In ihrer Eröffnungsrede, die sie – anders als viele ihrer Kollegen – frei hielt, unterstrich Mogherini noch einmal die Bedeutung einer gemeinsamen EU-Außenpolitik. Unter anderem sprach sie ein gemeinsames Vorgehen der Europäer gegen die islamistische Terrormiliz IS an. Mogherini betonte die Partnerschaft mit den USA. Diese sei mehr denn je von Bedeutung. Deshalb wolle sie auch eng mit dem neuen Nato-Generalsekretär Stoltenberg zusammenarbeiten.

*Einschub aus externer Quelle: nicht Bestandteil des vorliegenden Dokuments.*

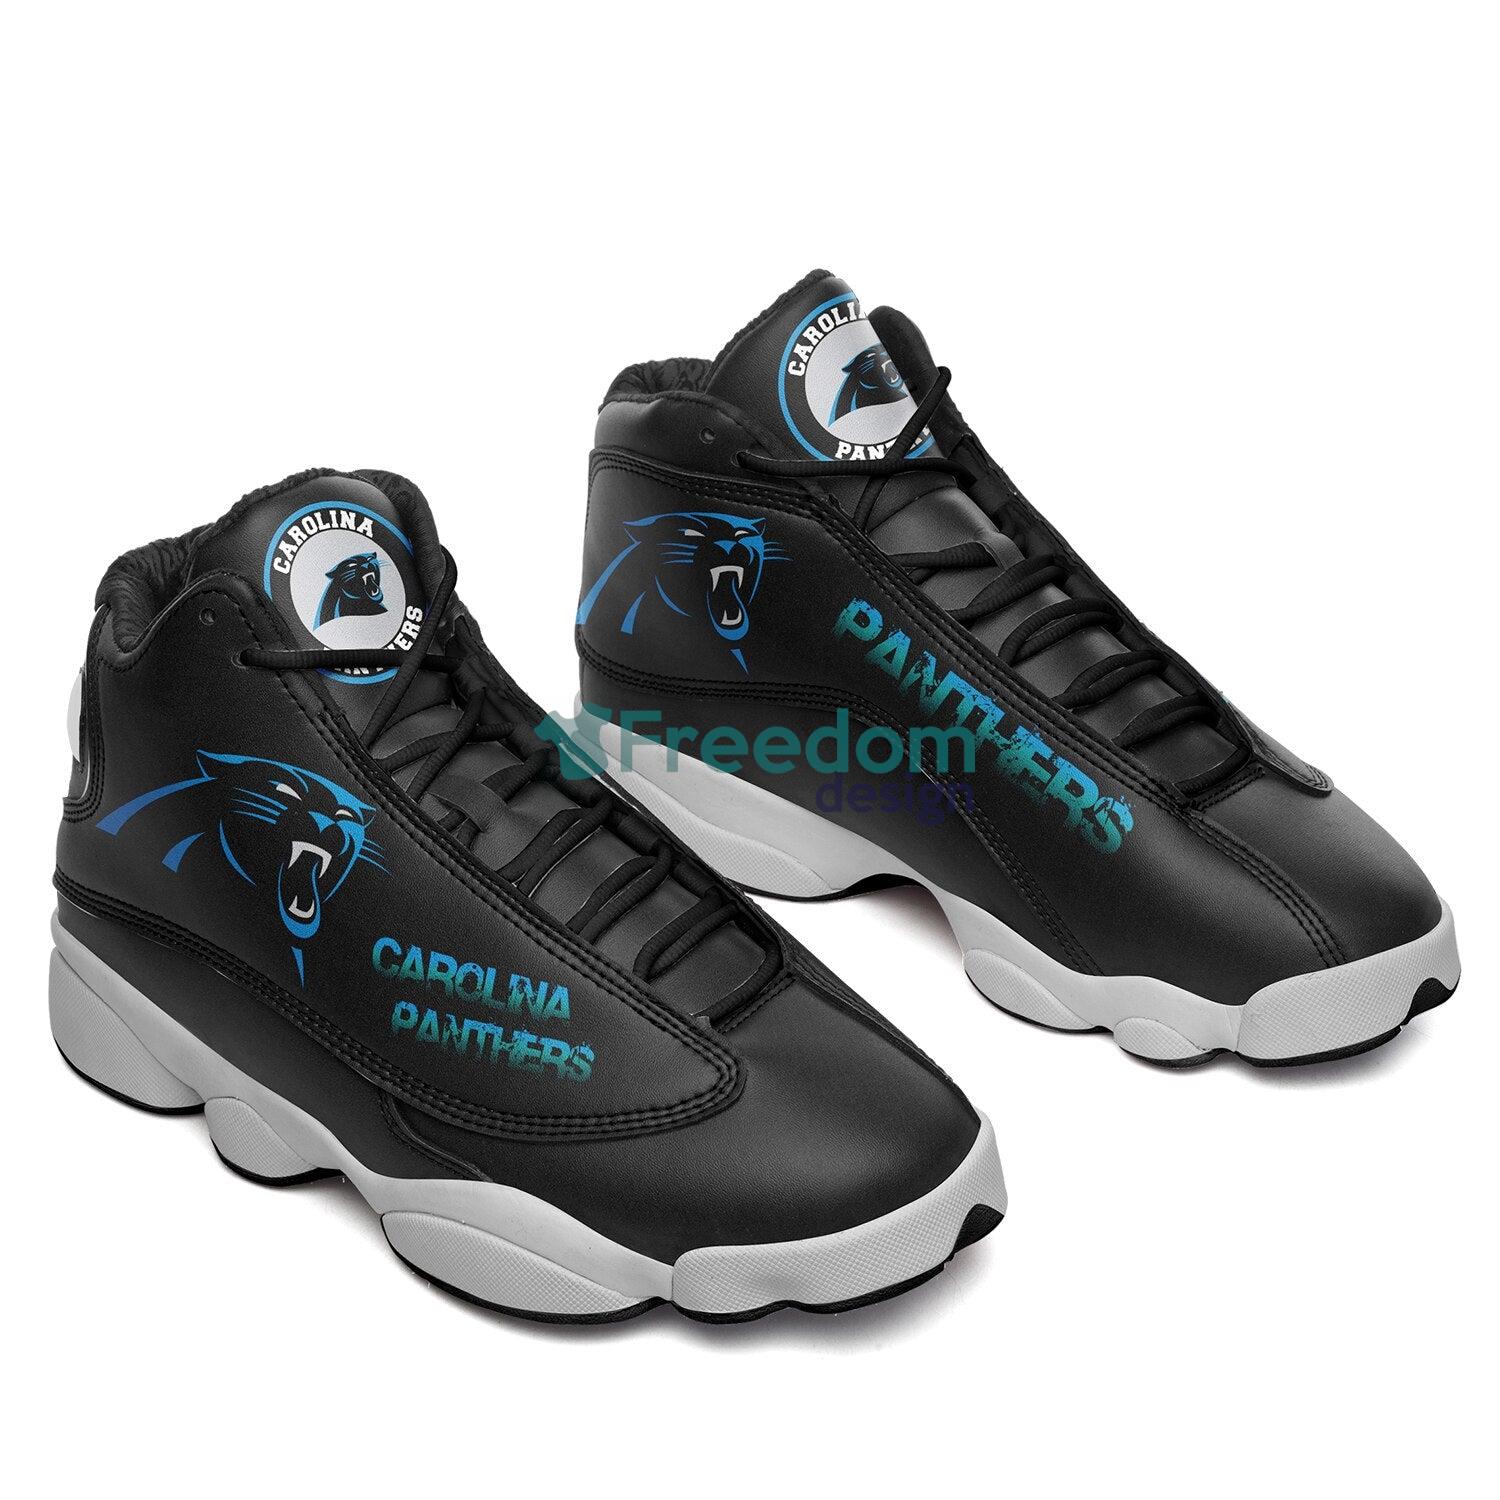 Cool Dallas Cowboys Custo Name Air Jordan 13 Shoes For Fans

Die Italienerin kündigte an, zu Beginn ihrer Amtszeit alle 28 EU-Staaten bereisen und sich mit Regierungen, Abgeordneten und NGOs treffen zu wollen. Außerdem plane sie, den Sitz ihres Büros ins Hauptgebäude der Kommission zu verlegen. Alle Politikfelder, die eine Wirkung nach außen haben, will sie so besser miteinander verknüpfen. Als Beispiele nannte Mogherini Energie, Handel, Migration, Klima und Umwelt.
Viele Hoffnungen werden mit der charismatischen Italienerin verbunden. Sie soll der Außenpolitik der EU neuen Schwung geben. Ihre Vorgängerin, die Britin Catherine Ashton, hatte nur wenige mit ihrer manchmal unbeholfenen Art überzeugen können. Mehrfach wurde Ashton dafür kritisiert, bei wichtigen Gelegenheiten nicht persönlich vor Ort gewesen zu sein. Das wolle Mogherini besser machen.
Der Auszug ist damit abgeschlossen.